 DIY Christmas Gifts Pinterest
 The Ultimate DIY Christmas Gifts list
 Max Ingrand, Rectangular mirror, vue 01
+++
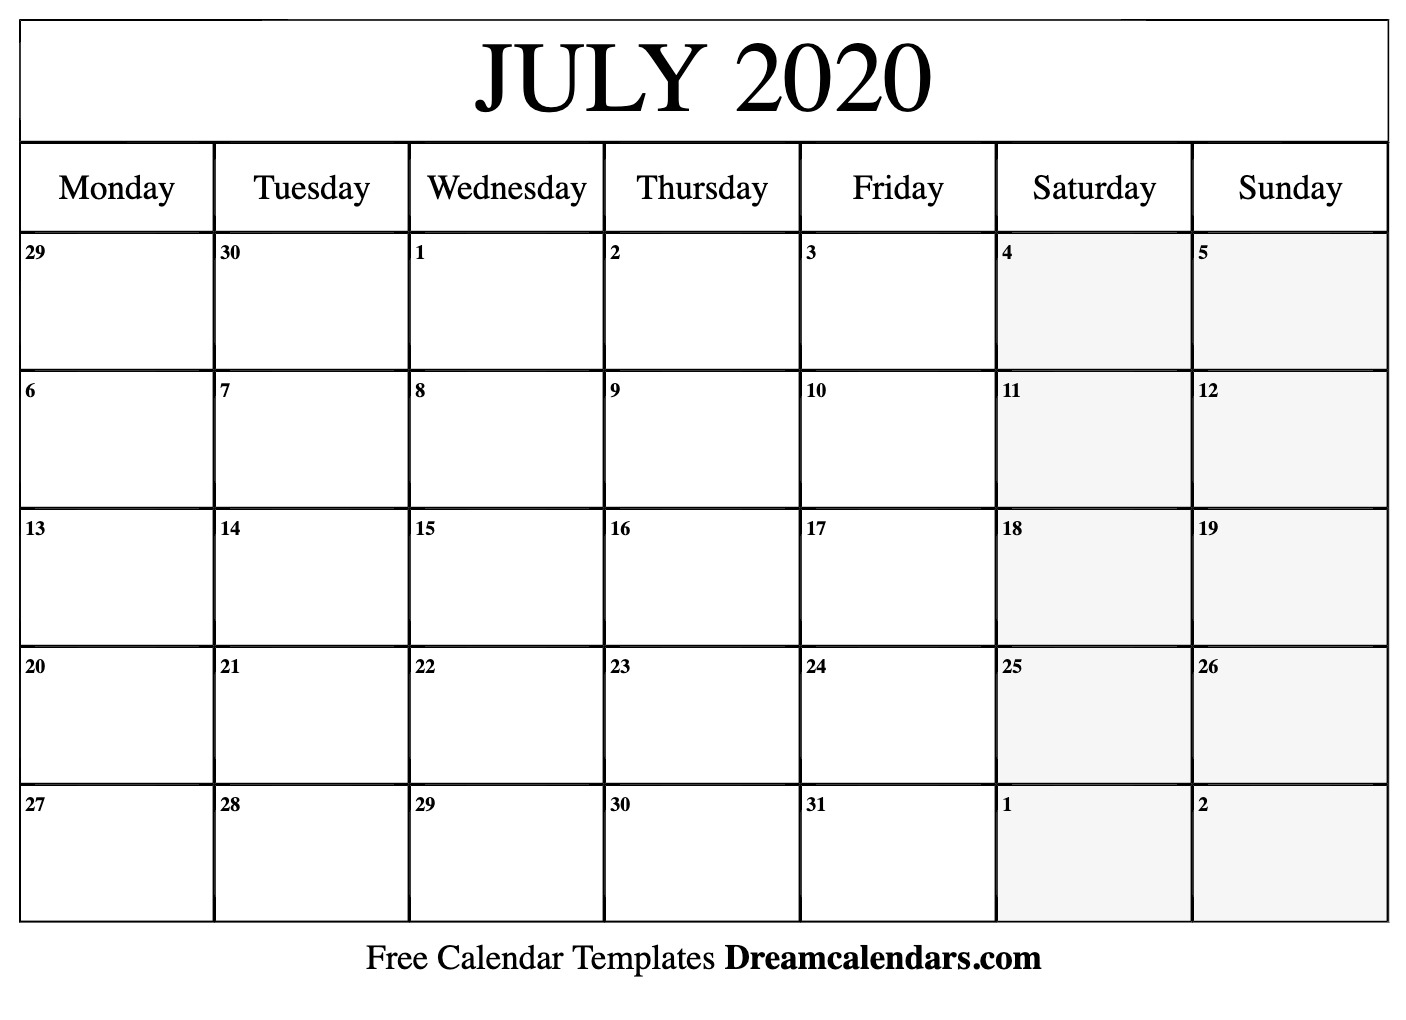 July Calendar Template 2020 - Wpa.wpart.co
+++
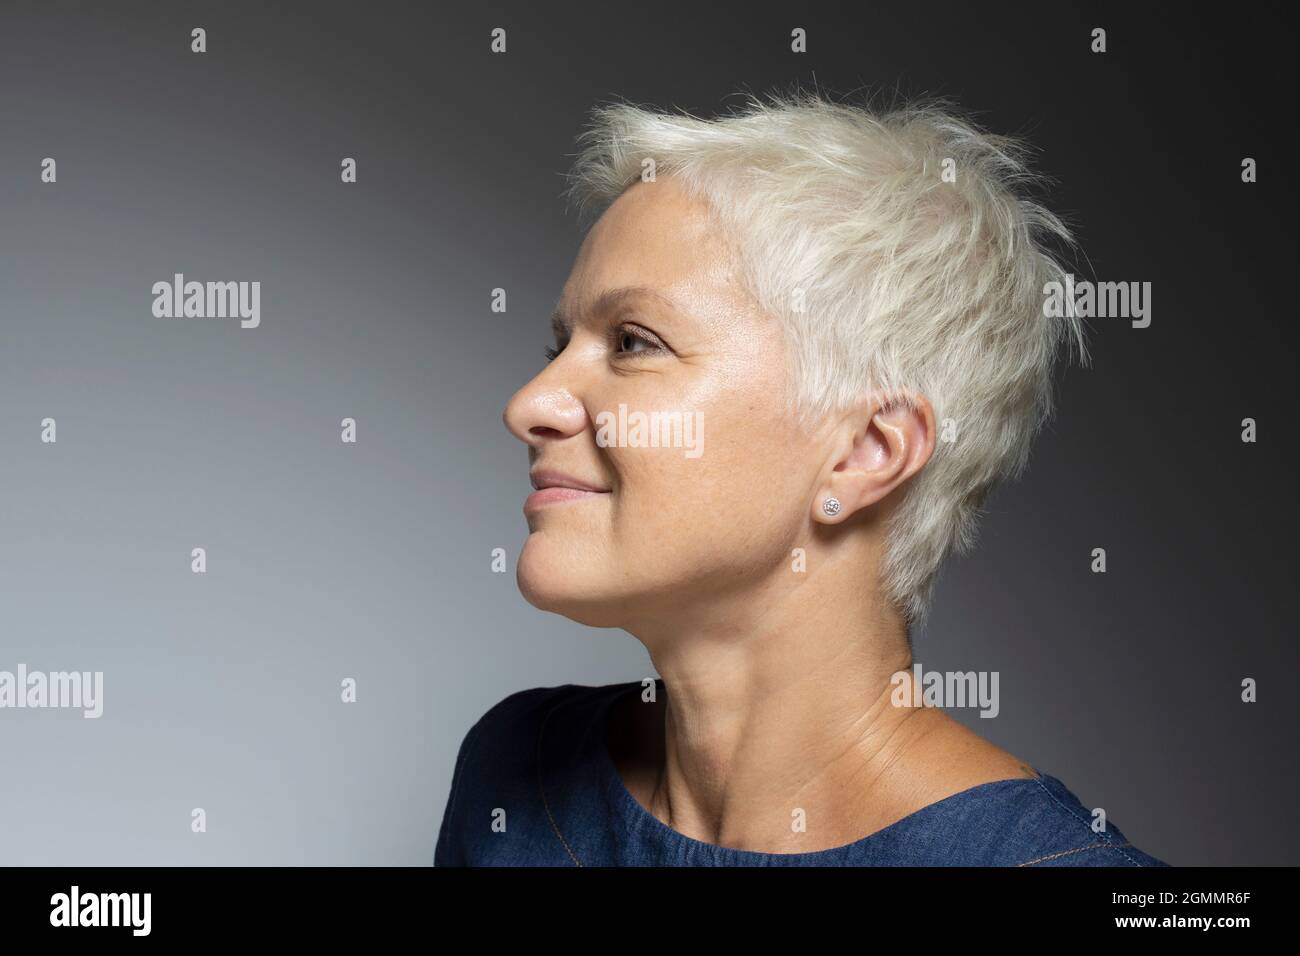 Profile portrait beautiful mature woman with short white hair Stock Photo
+++
What the task requires – Reproduce every line above that contains the string "Gifts".

Response for this exercise –
 DIY Christmas Gifts Pinterest
 The Ultimate DIY Christmas Gifts list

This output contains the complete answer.